PDFTextStream Changelog

What's new in PDFTextStream 2.6.0

Aug 10, 2012
  • New OutputHandler: com.snowtide.pdf.SelectionOutputTarget, implementing text extraction based on a "selection coordinates", as commonly found in user-facing PDF viewer UIs.
  • PDFTextStream is now free for use in single-threaded applications; all previous "evaluation" limitations no longer apply when PDFTextStream is operated without a license file.
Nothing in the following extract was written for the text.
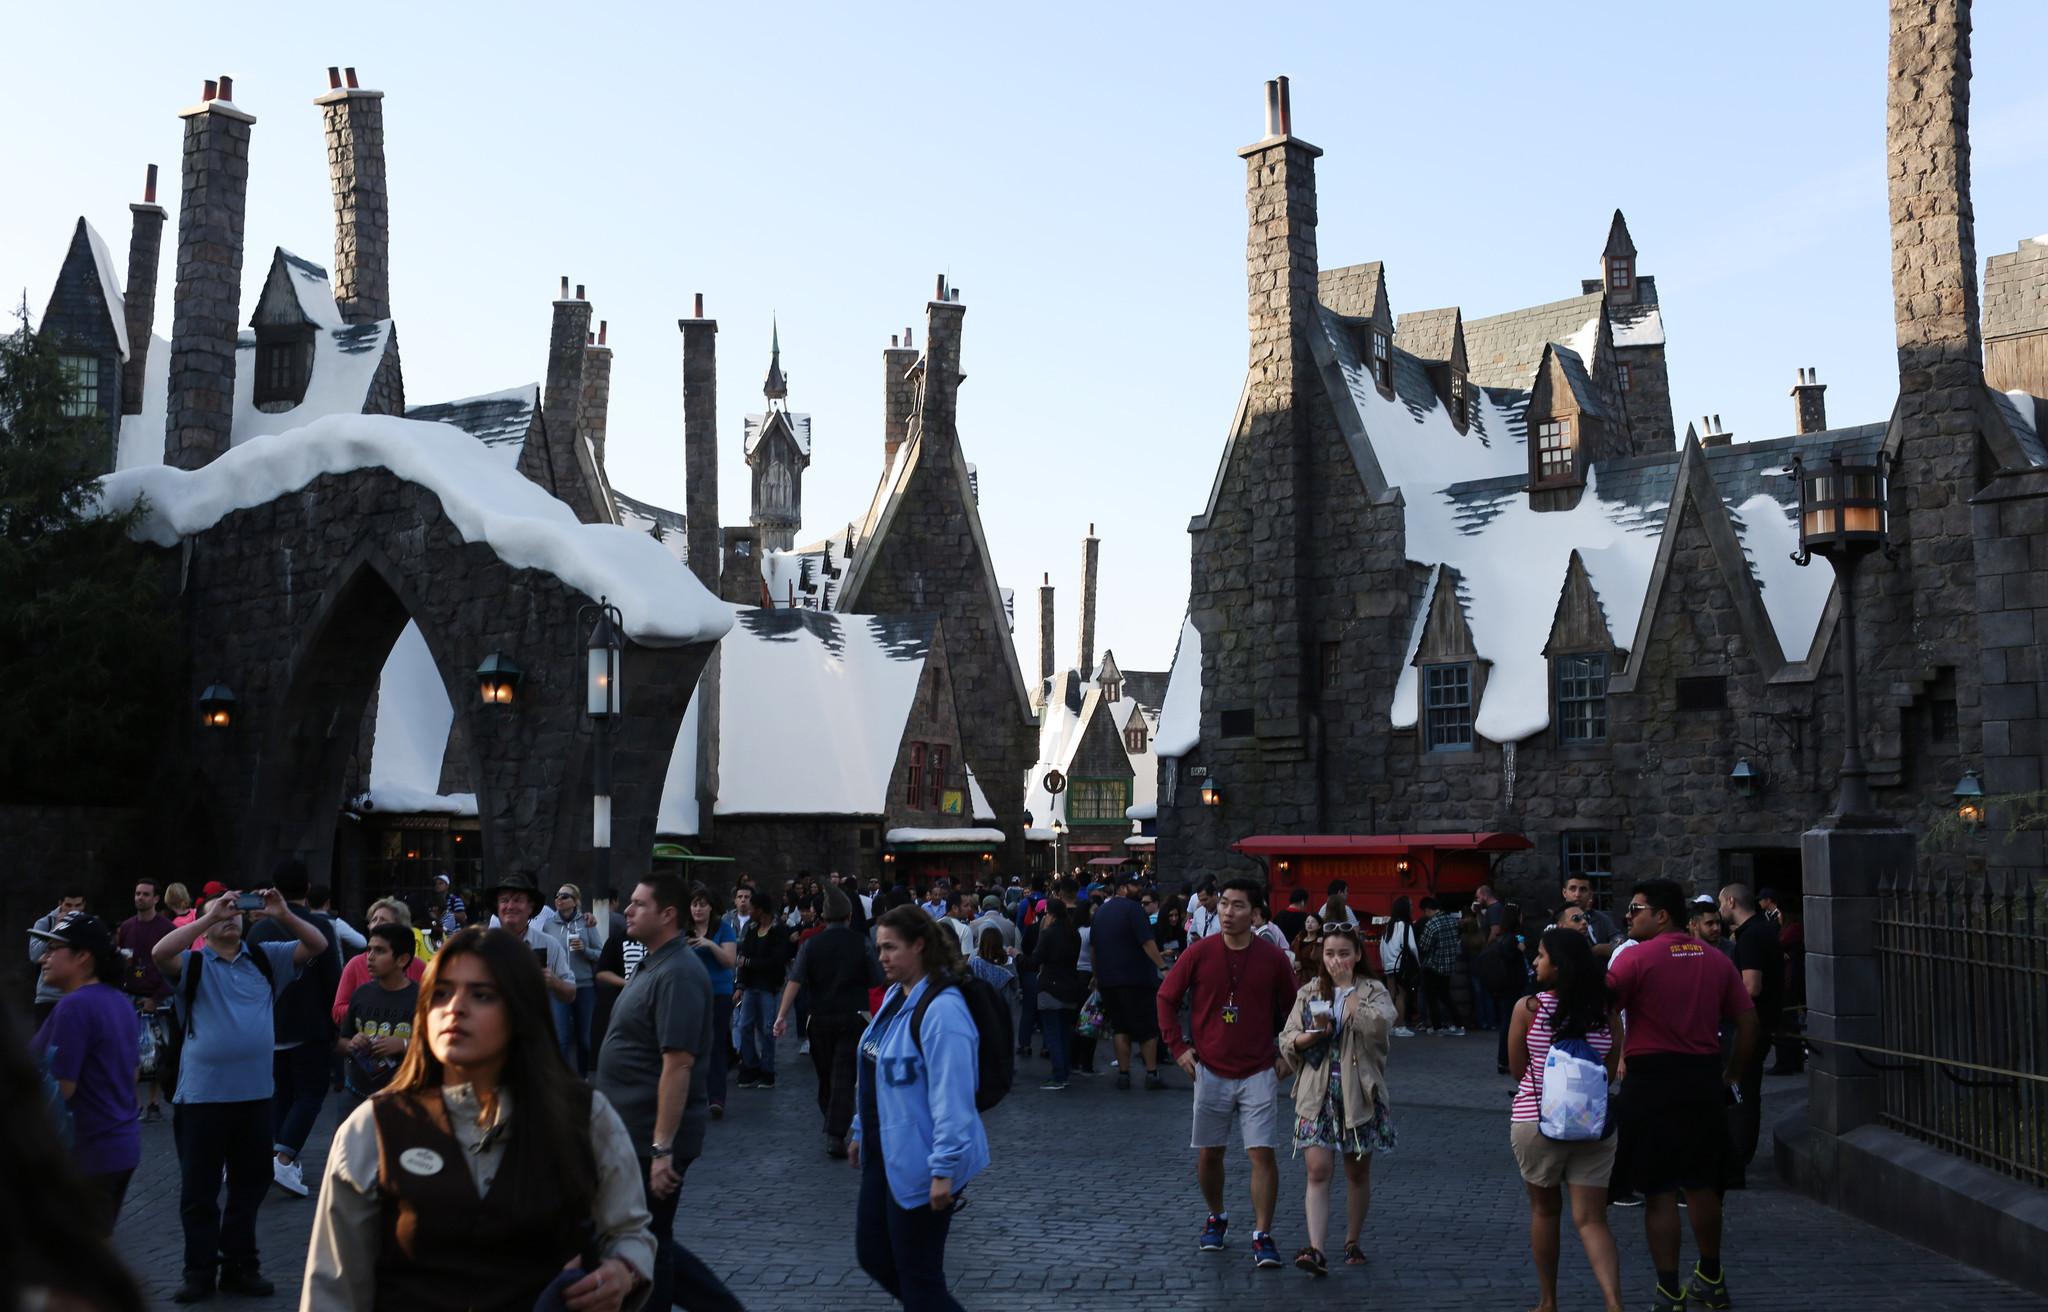 wizarding world harry potter three broomsticks

New in PDFTextStream 2.3.2 (Sep 28, 2011)

  • Fixed issue where PDFTextStream would fail to initialize when the default system locale was set to Shift_JIS (i.e. SJIS, MS932, Windows-31J)
  • Fixed an issue where certain Chinese, Japanese, and Korean fonts were not being loaded properly when specific encoding config data was missing.
  • Fixed an octal string parsing bug that could lead to a PDF parsing failure.
  • Added crop box attribute to com.snowtide.pdf.Page interface
  • An expanded set of control characters are now treated as whitespace.
  • Added support for non-compliant PDF documents produced by TXT2PDF for OS/390.

New in PDFTextStream 2.3.1 (Sep 28, 2011)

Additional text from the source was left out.